Work required ->
Beginning with the line containing "PUMA release legendary" and ending with the line containing "Multiplication Table Template 2", write out each line of the records below exactly; pictures and lines outside that range are left out.

Material for the task ->
BEGIN

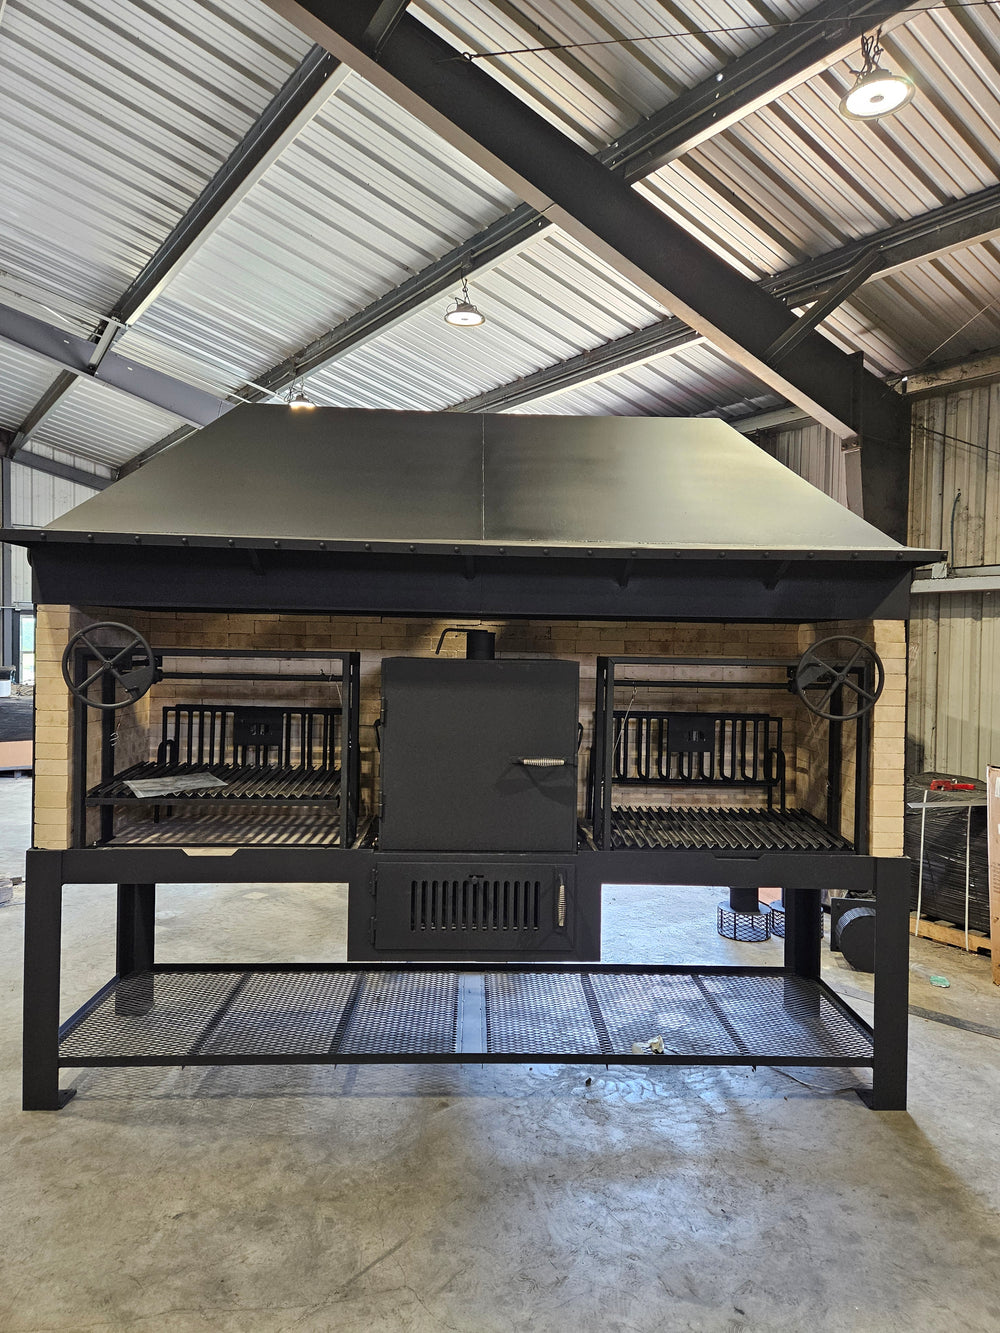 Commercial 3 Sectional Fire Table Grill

END
BEGIN

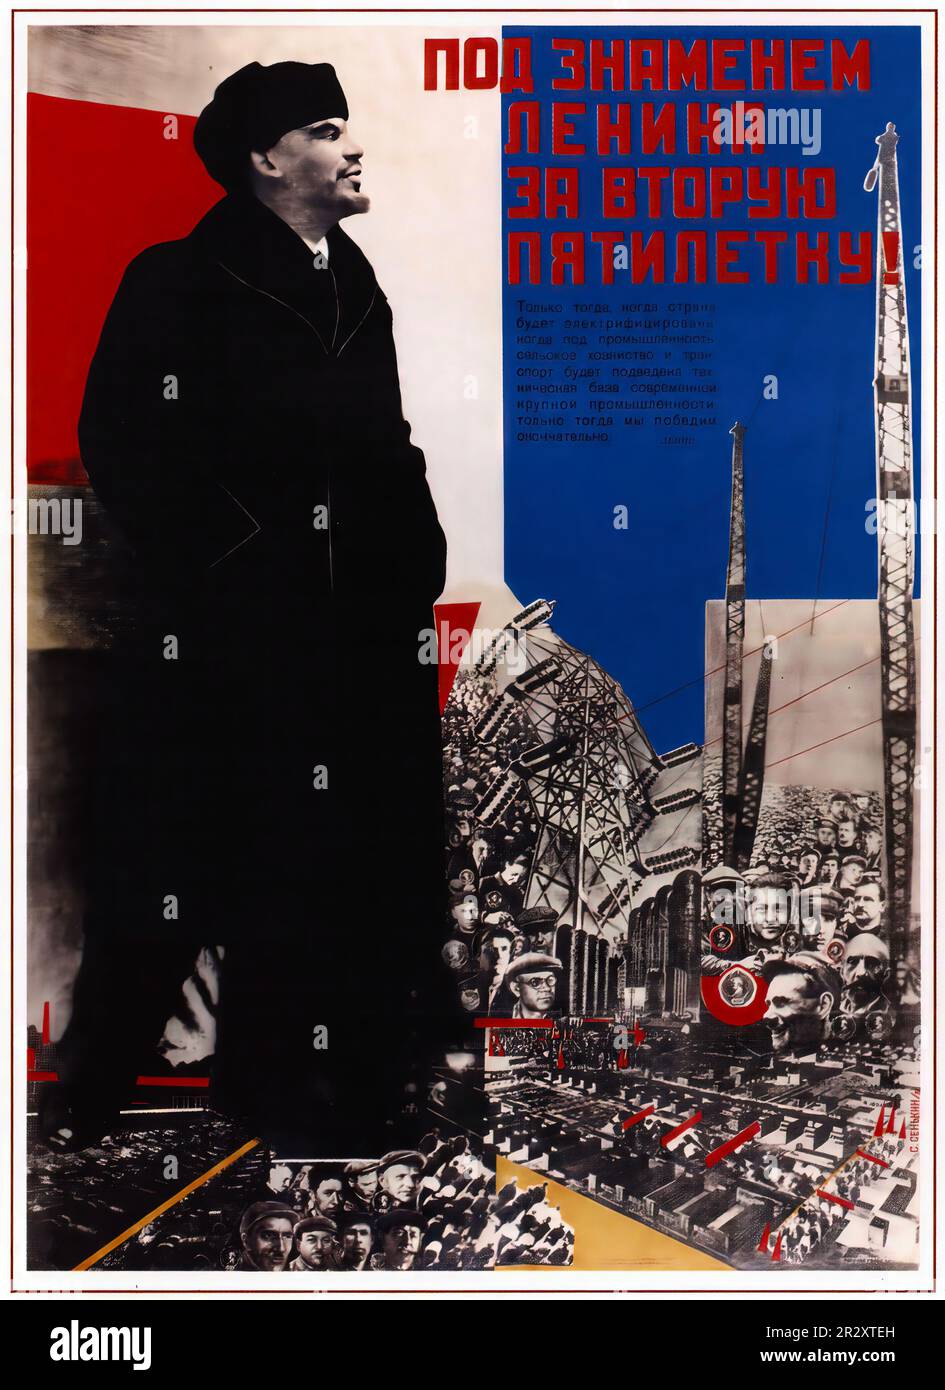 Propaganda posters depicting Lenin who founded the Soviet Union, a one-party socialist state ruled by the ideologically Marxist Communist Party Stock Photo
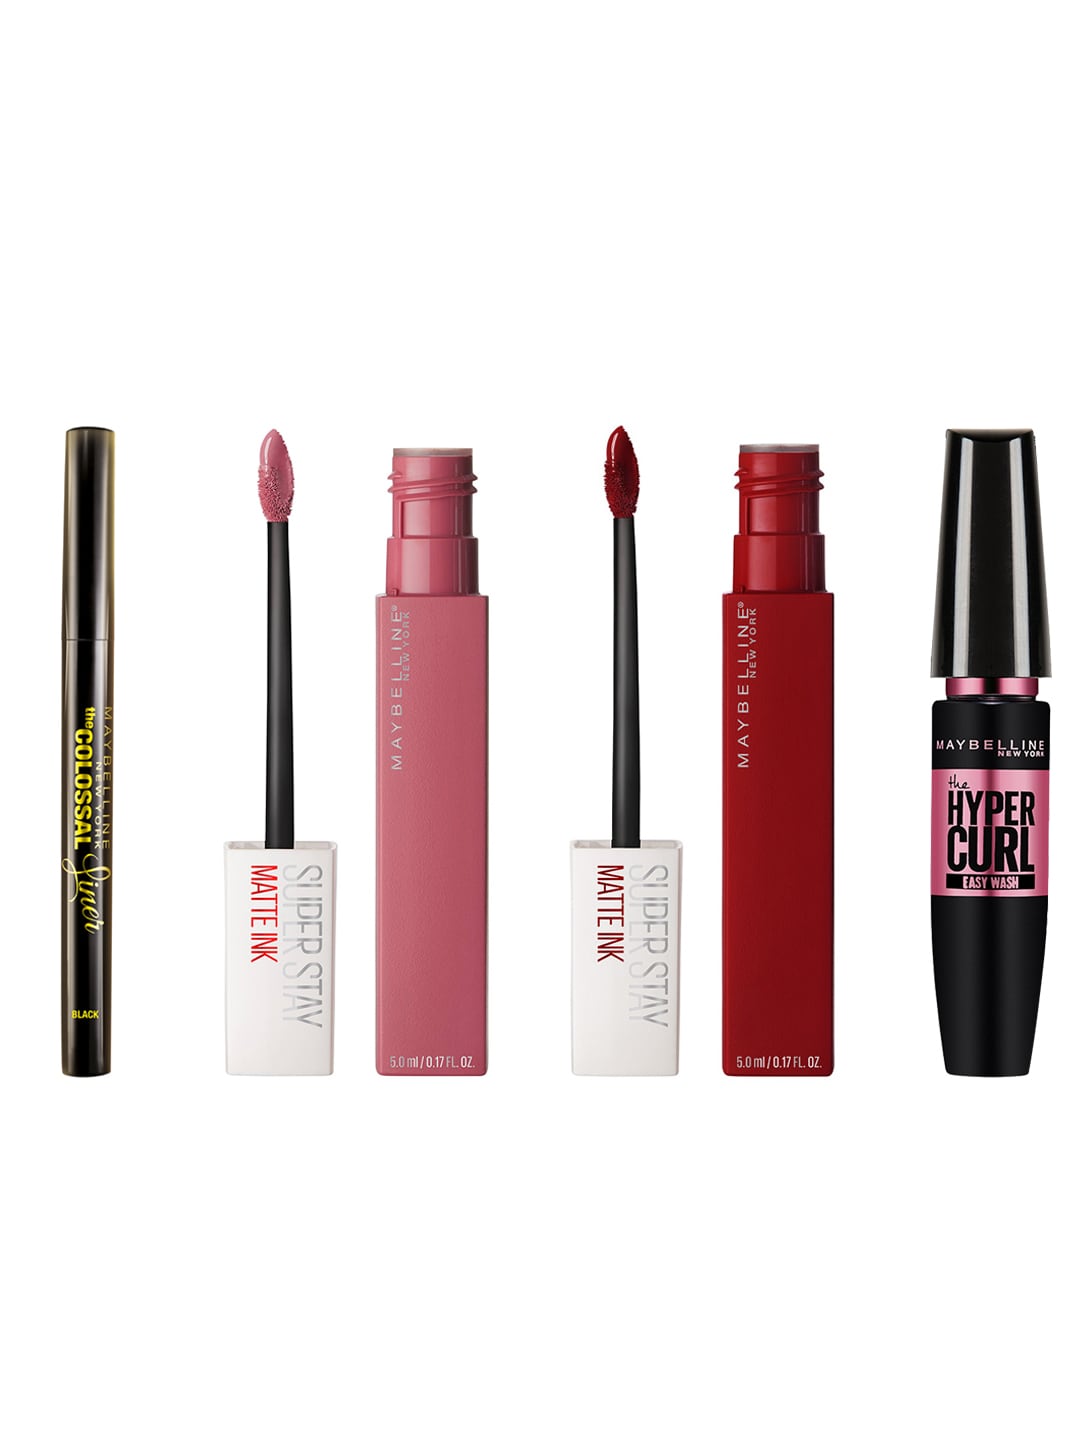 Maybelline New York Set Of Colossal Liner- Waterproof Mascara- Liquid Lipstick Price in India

END
BEGIN

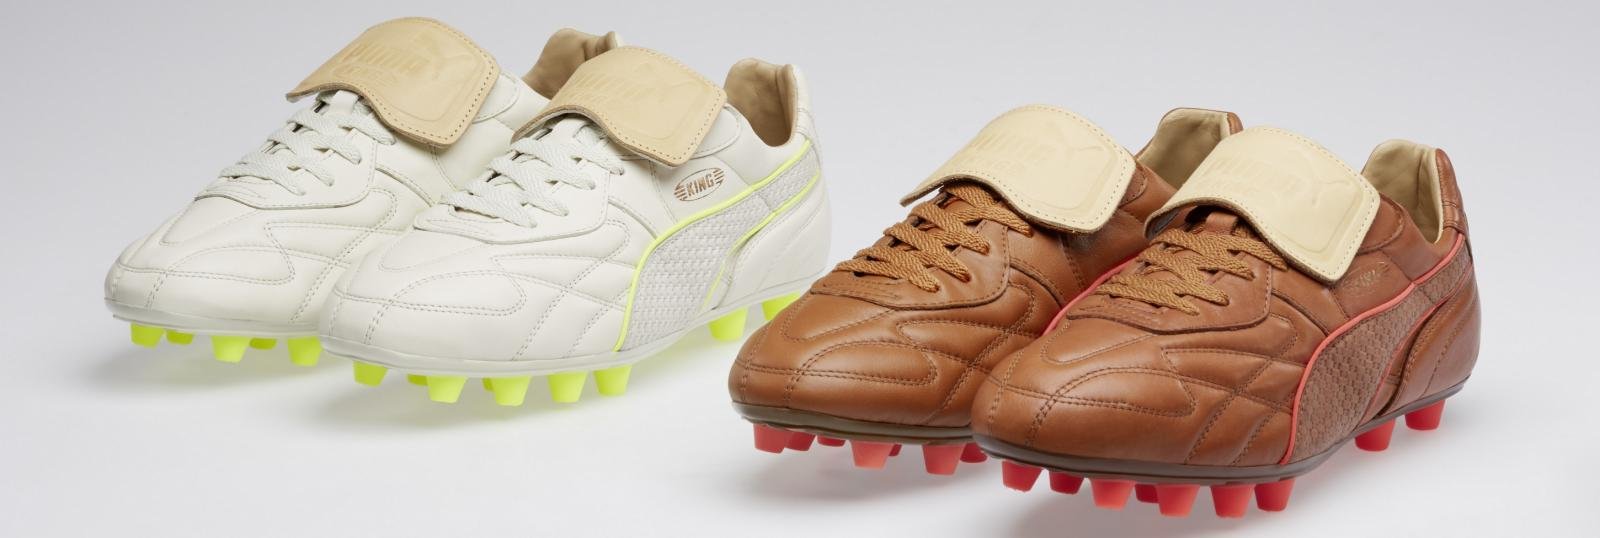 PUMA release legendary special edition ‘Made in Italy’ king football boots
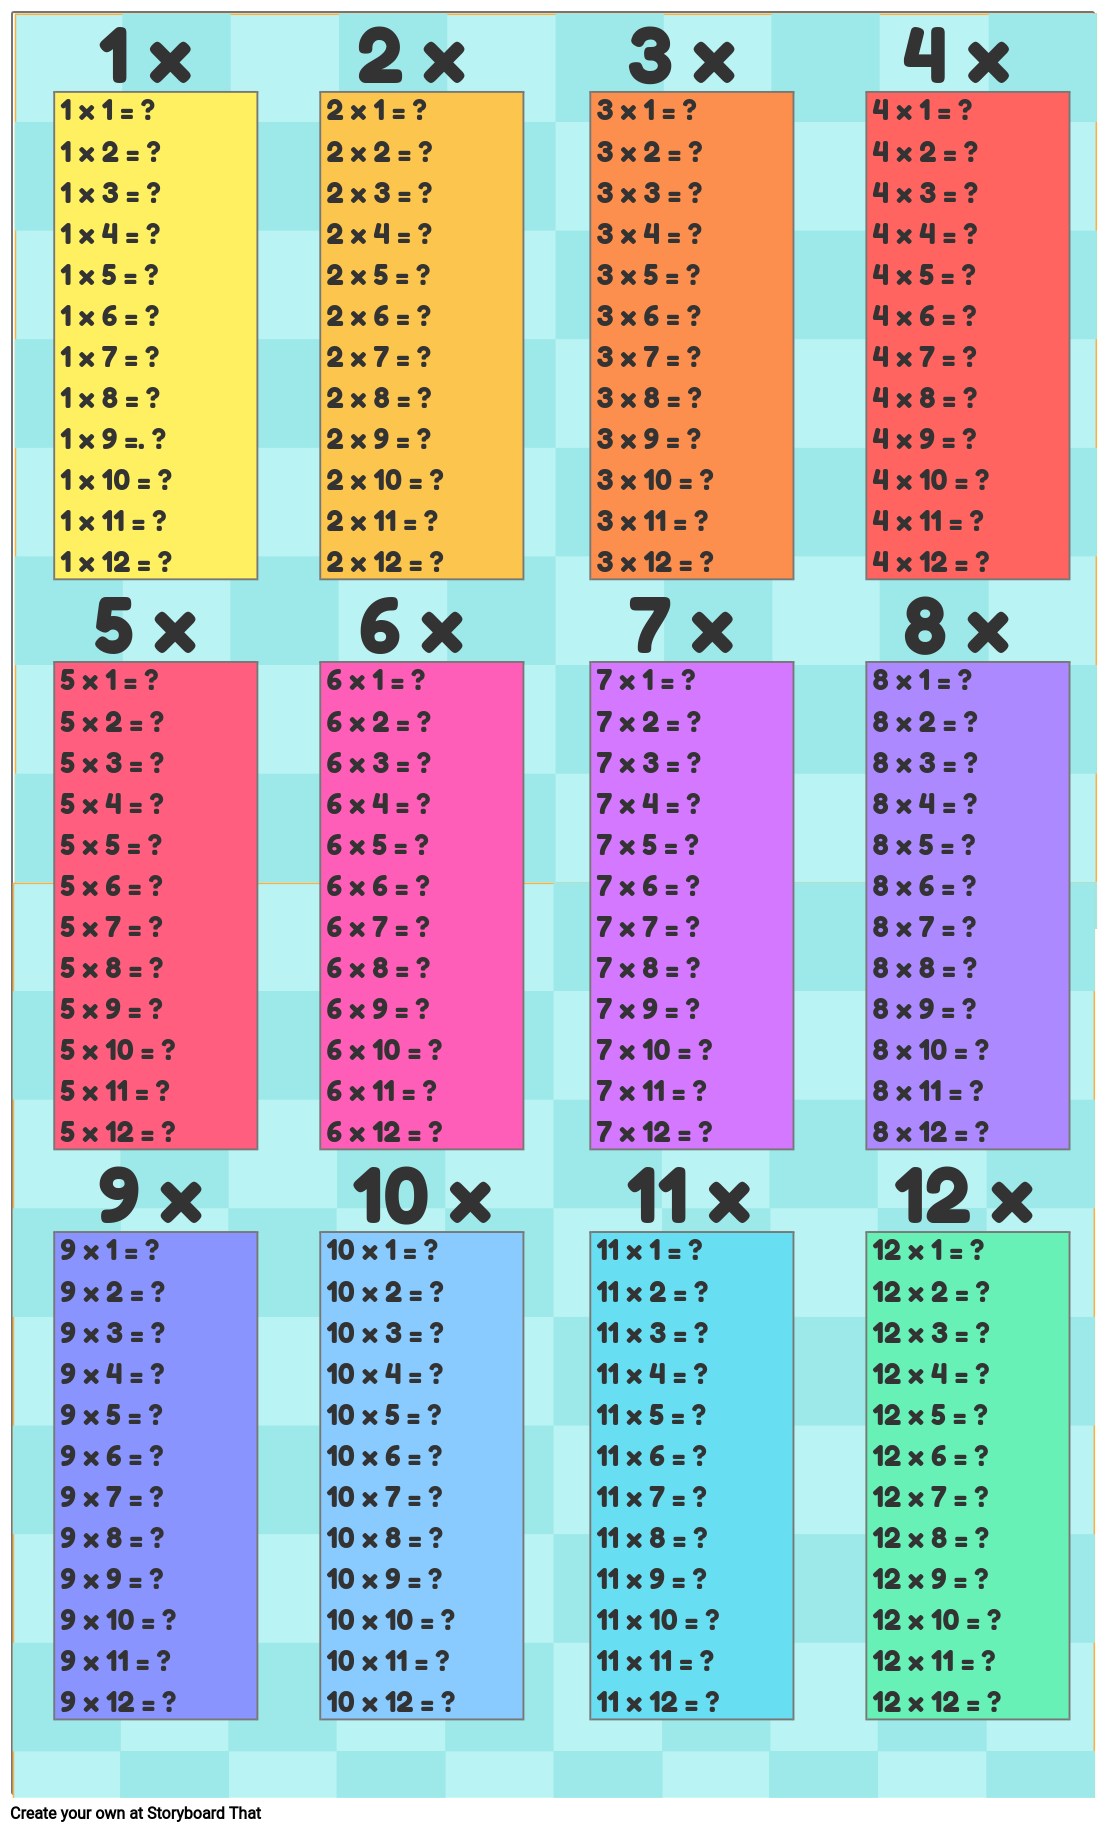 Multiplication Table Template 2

END

Exercise answer ->
 PUMA release legendary special edition ‘Made in Italy’ king football boots
 Multiplication Table Template 2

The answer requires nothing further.